Each $X^i$ is a function of bounded variation, so an integral of the form

\int_a^b f(s) dX^i_s

can be given meaning by the Lebesgue-Stieltjes integral. Using this, we can now take repeated integrals of various components against each other, like this:

\int\limits_{0 < t_1 < \dots < t_k < T} dX_{t_1}^{i_1} \cdots dX_{t_k}^{i_k}

(note that $\int_s^t dX_u$ is simply the increment of the path $X$ over the time interval $[s, t]$ ). Here $k$ is the choice of how many repeated integrals to do, and the $i_1, \ldots i_k$ are choices of dimensions from $1$ up to $d$ . The same dimension can be chosen more than once.

The signature of a bounded variation path is essentially the collection of all such iterated integrals, at every level $k$ . Note that the $t_1, \ldots, t_k$ are dummy variables, so the signature doesn’t depend on them. Such iterated integrals were studied by the mathematician Kuo-Tsai Chen in the mid-20th century¹. The signature is an infinite object, but one can take truncations, i.e. only take iterated integrals up to level $N$ .

Mathematically, the signature lives in the tensor algebra of the original vector space, $\mathbb{R}^d$ . It is not essential to understand what this means at first, and the tensor product notation can make things seem more intimidating than they really are, for example the following expression:

\int\limits_{0 < t_1 < t_2 < \dots < t_k < T} dX_{t_1} \otimes dX_{t_2} \otimes \ldots \otimes dX_{t_k}

which simply denotes all the $k$ -th order iterated integrals of $X$ , but arranged to form a tensor in $(\mathbb{R}^d)^{\otimes k}$ . To be precise,

\int\limits_{0 < t_1 < \dots < t_k < T} dX_{t_1} \otimes \ldots \otimes dX_{t_k} = \sum_{i_1, \dots, i_k =1}^d \left(\mkern5mu\int\limits_{0 < t_1 < \dots < t_k < T} dX_{t_1}^{i_1} \cdots dX_{t_k}^{i_k} \right) e_{i_1} \otimes \cdots \otimes e_{i_k},

where $e_1, \ldots, e_d$ is a basis of $\mathbb{R}^d$ .

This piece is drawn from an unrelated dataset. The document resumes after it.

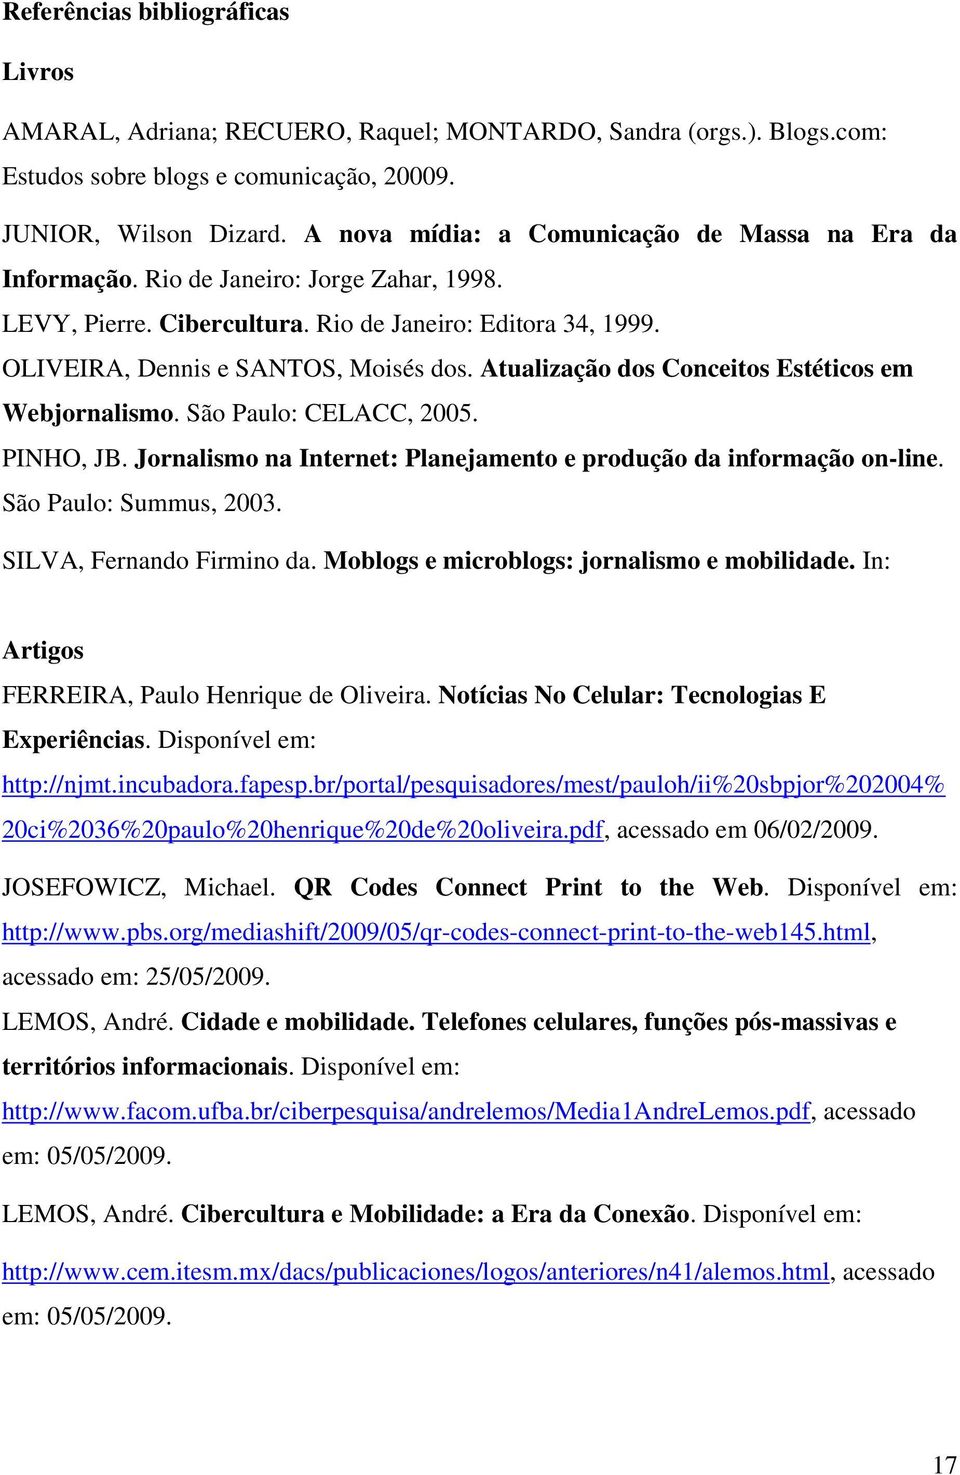 Atualização dos Conceitos Estéticos em Webjornalismo. São Paulo: CELACC, 2005. PINHO, JB. Jornalismo na Internet: Planejamento e produção da informação on-line. São Paulo: Summus, 2003.

Signatures have several properties which suggest that they are a natural mathematical object. It would be nice if distinct paths had distinct signatures, but this isn’t strictly true: for example, reparametrising a path, or adding a section which exactly doubles back on itself will not change the signature. However, the notion of “tree-like equivalence” perfectly distinguishes when two paths have the same signature², so one could say that the signature does determine the path, up to tree-like equivalence.

It turns out that signatures contain some redundancies — there are algebraic relations between the values of the iterated integrals which must always hold. But it is possible to define a logarithm map which removes these redundancies. If we start with truncated signatures, then taking logarithms results in truncated log signatures, which take their values in a vector space of lower-dimension than the space where truncated signatures take values.

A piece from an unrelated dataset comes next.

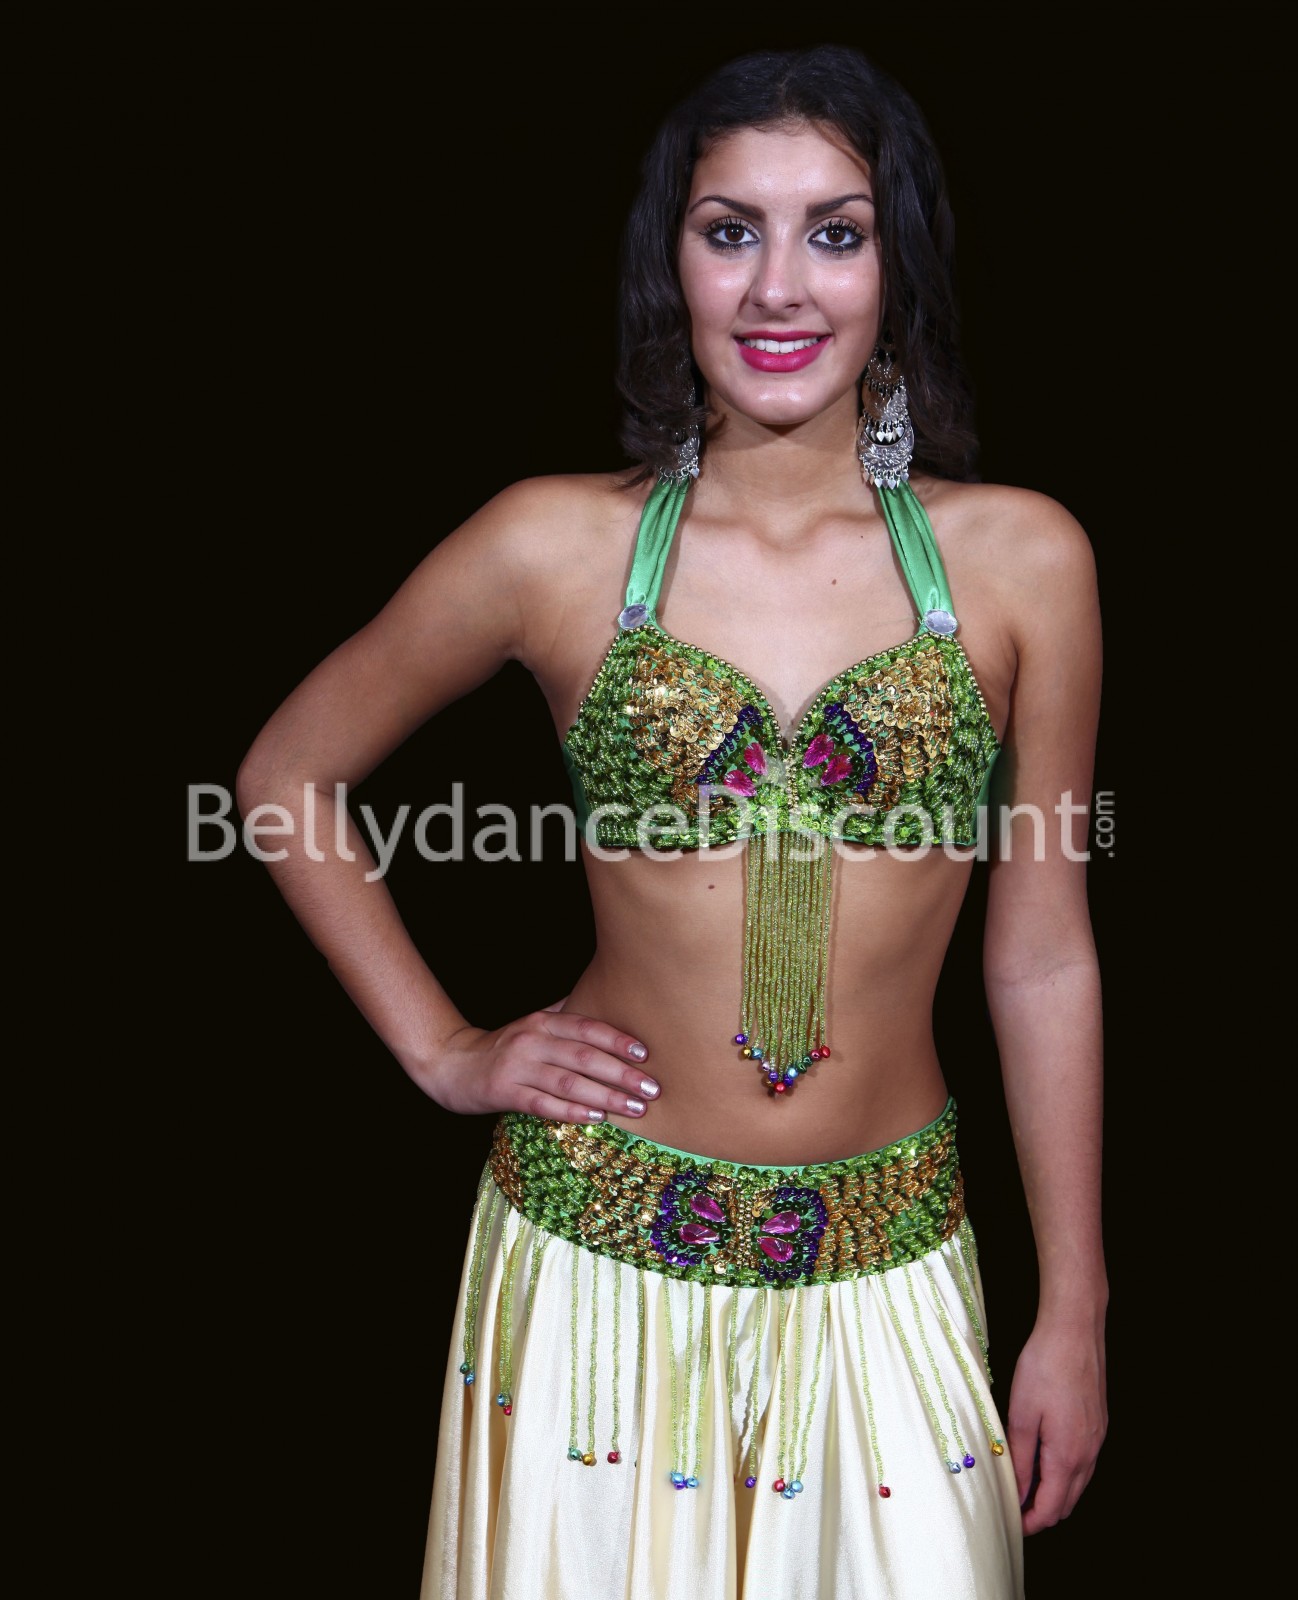 Bellydance bra + belt set green and gold - 49,90 €

Path signatures in machine learning

Path signatures can be used in machine learning as feature transform, when the input data takes the form of a path. A strong theoretical justification for doing so is that the signature is a universal nonlinearity. This means that any continuous real-valued function on paths can be approximated arbitrarily well by a linear function composed with the signature! This justifies applying simple linear models to path signature features³.

Signatures have also been used in combination with modern machine learning techniques such as deep learning and gradient boosting, and a range of applications ⁴⁵⁶⁷⁸⁹. There are also kernel tricks which allow one to avoid explicitly computing truncated signatures¹⁰, and even to implicitly use the untruncated signature¹¹.

It is worth emphasising that any streamed data consisting of numerical values at a number of time-steps can be considered as a continuous path — e.g. by linear interpolation, or through various other methods. More details can be found in this primer by Chevyrev and Kormilitzin, and in the more recent survey by Lyons and McLeod (both of these are great introductions to path signatures in machine learning).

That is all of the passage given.